◆ Recorded data
-- Opening Marker --
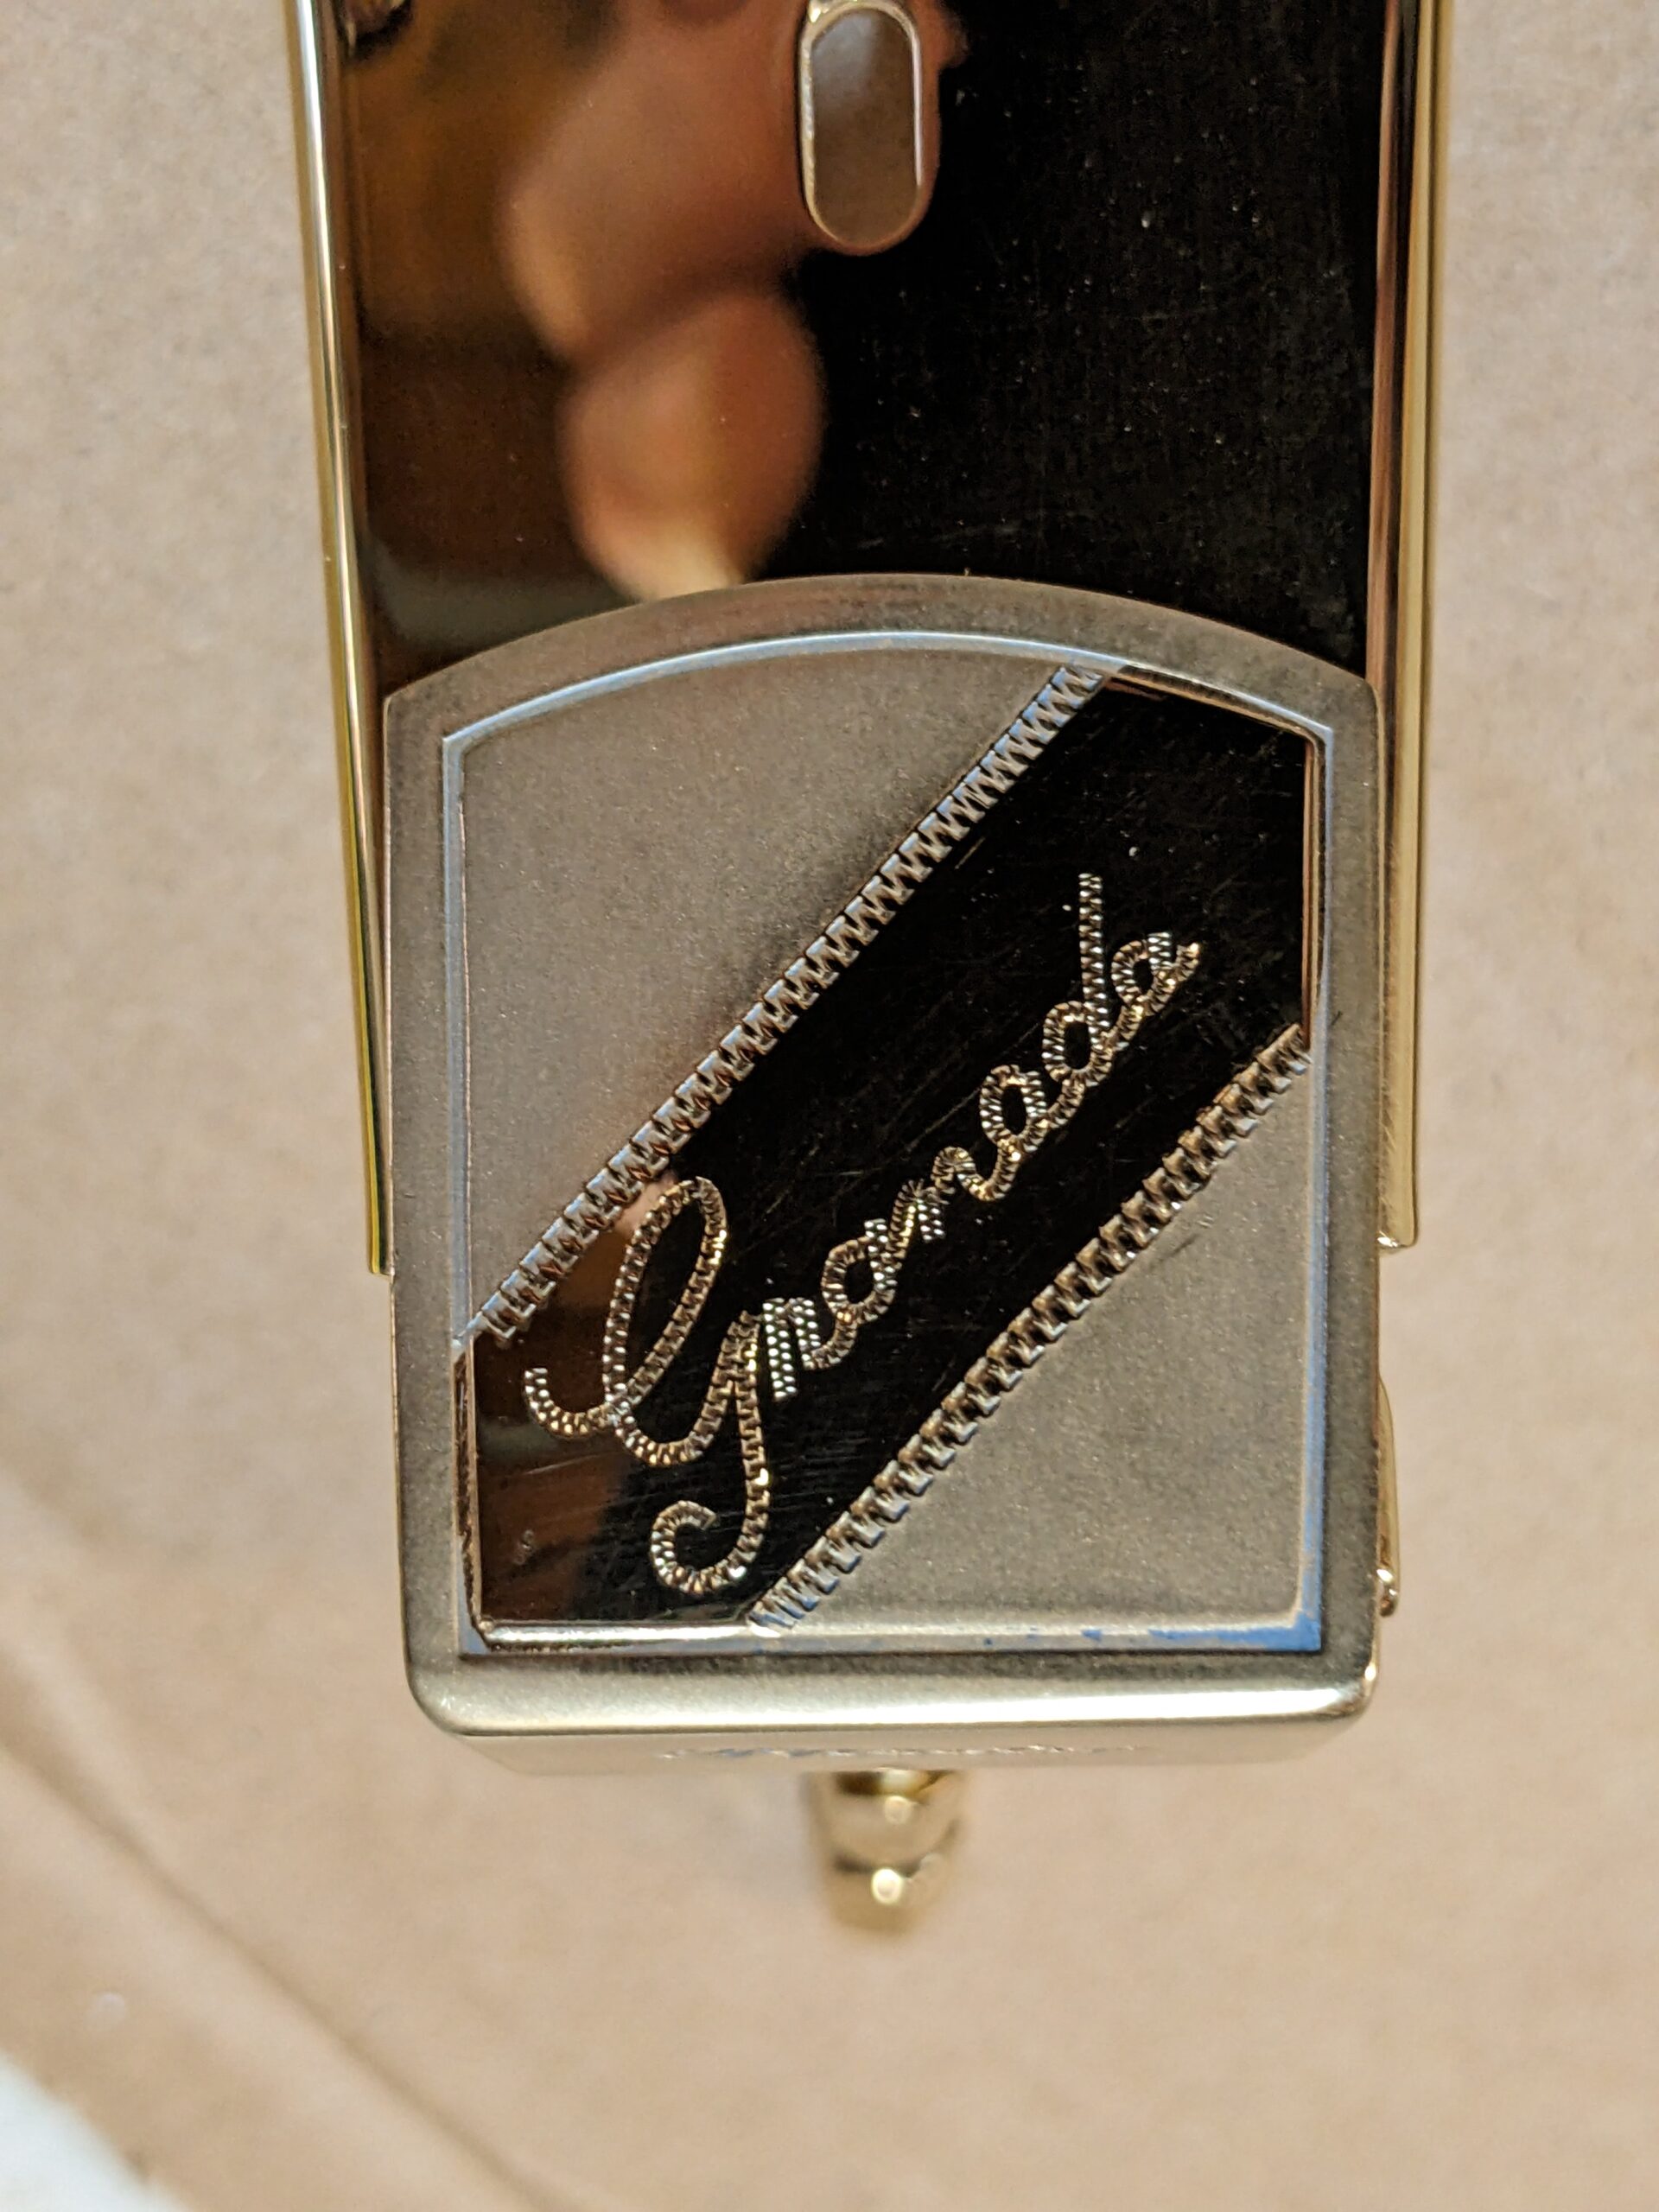 Prucha Presto Tailpiece – Granada Product
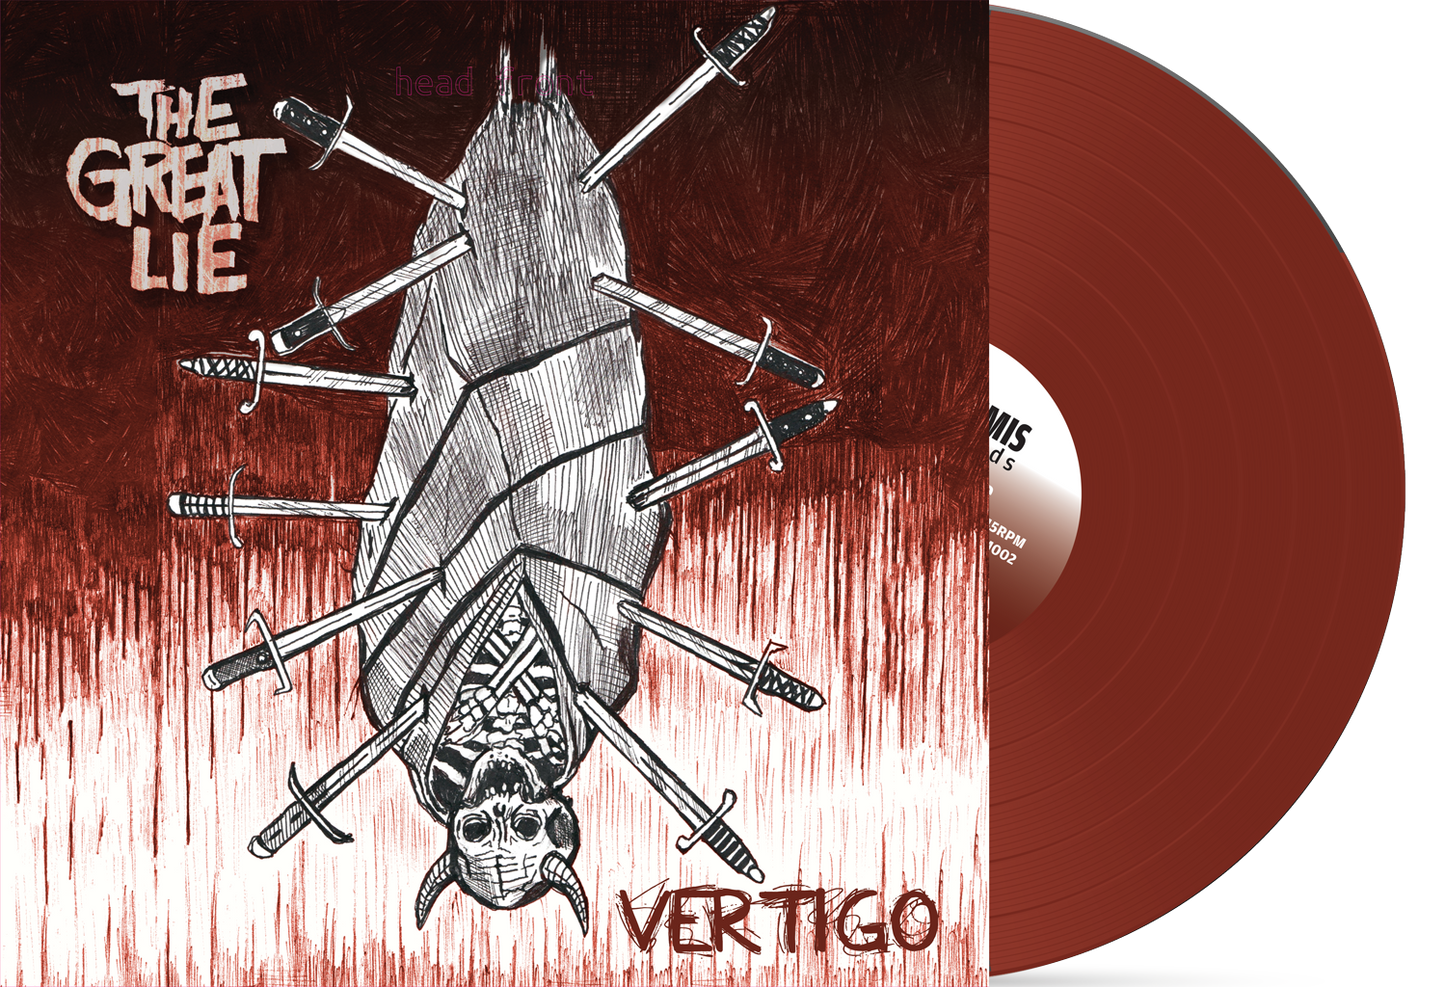 The Great Lie-"Vertigo" EP (LEM002)
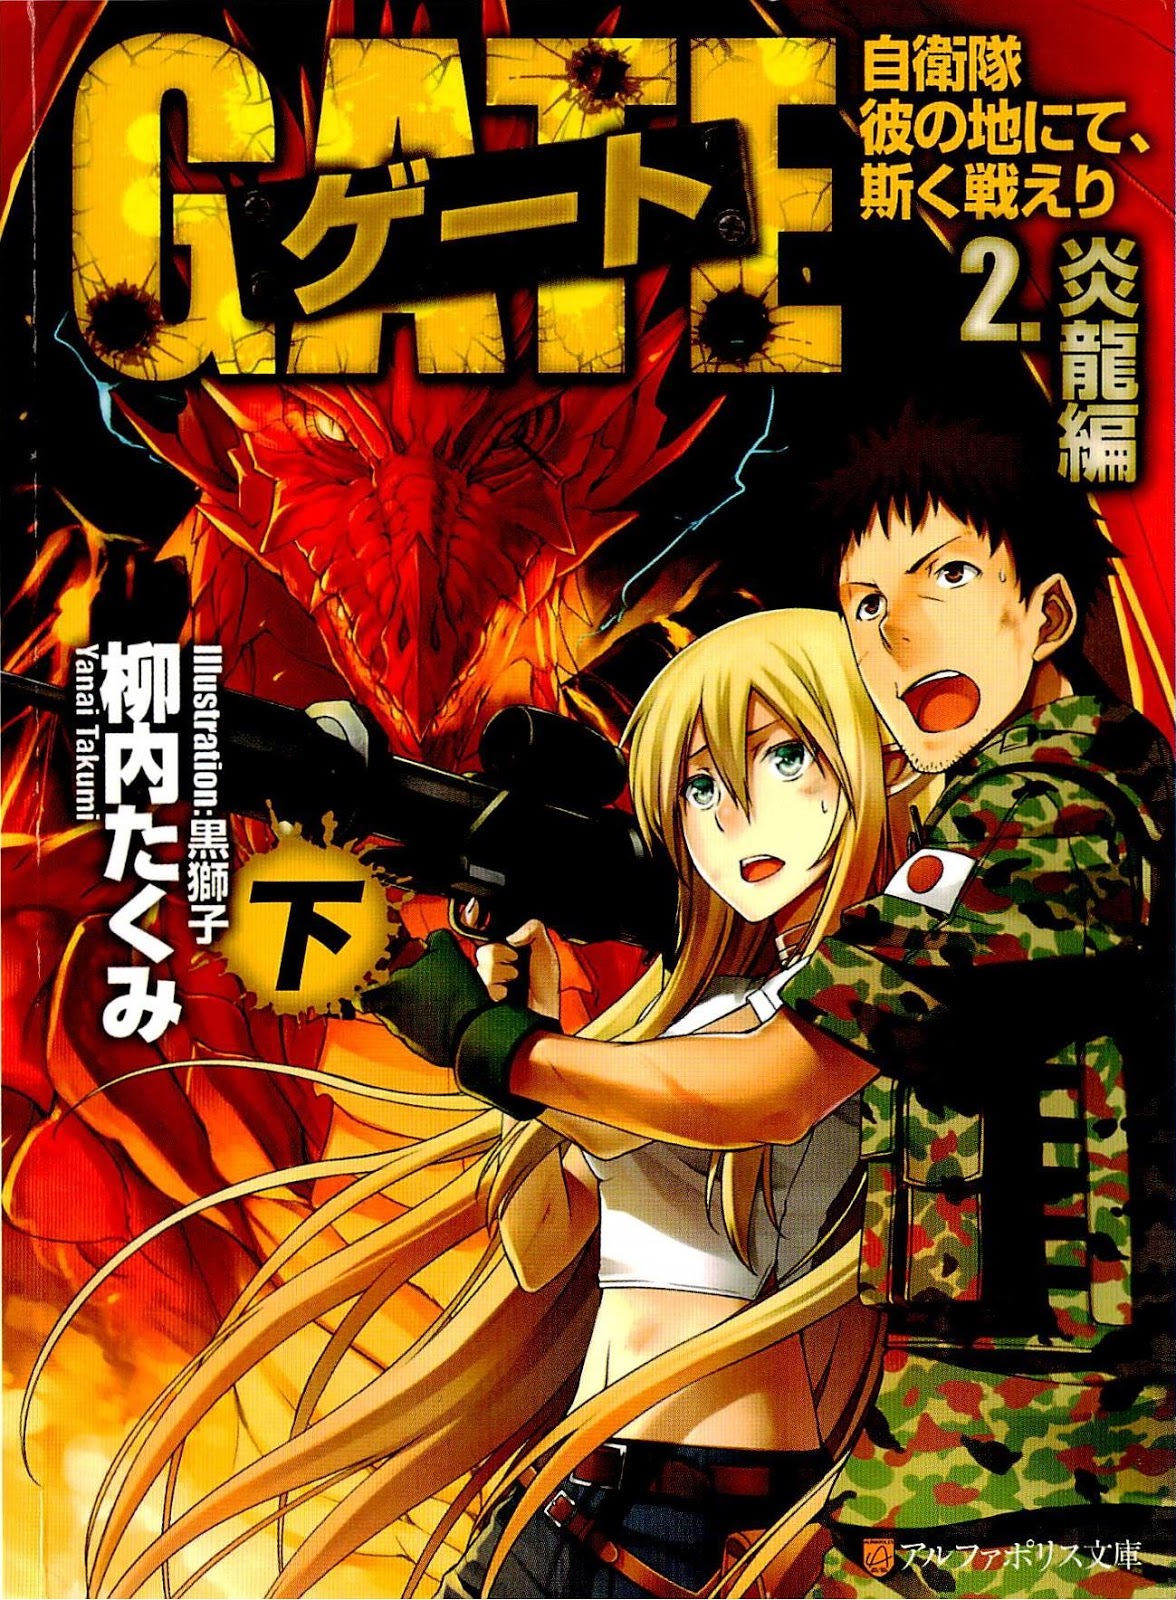 JP] Gate JSDF Novel vs Light Novel vs Manga vs Anime Art : r
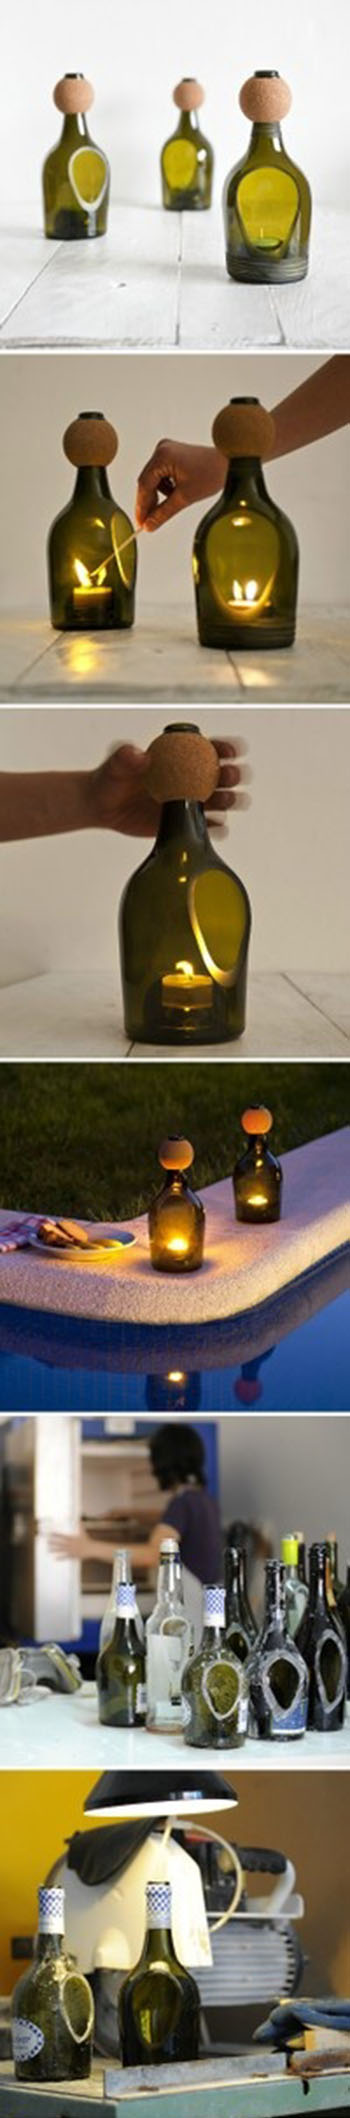 DIY Bottle Lantern11
-- Closing Marker --
◆ What to do
Retype the data above exactly, dropping every picture.

◆ Exercise solution
 Prucha Presto Tailpiece – Granada Product
 The Great Lie-"Vertigo" EP (LEM002)
 JP] Gate JSDF Novel vs Light Novel vs Manga vs Anime Art : r
 DIY Bottle Lantern11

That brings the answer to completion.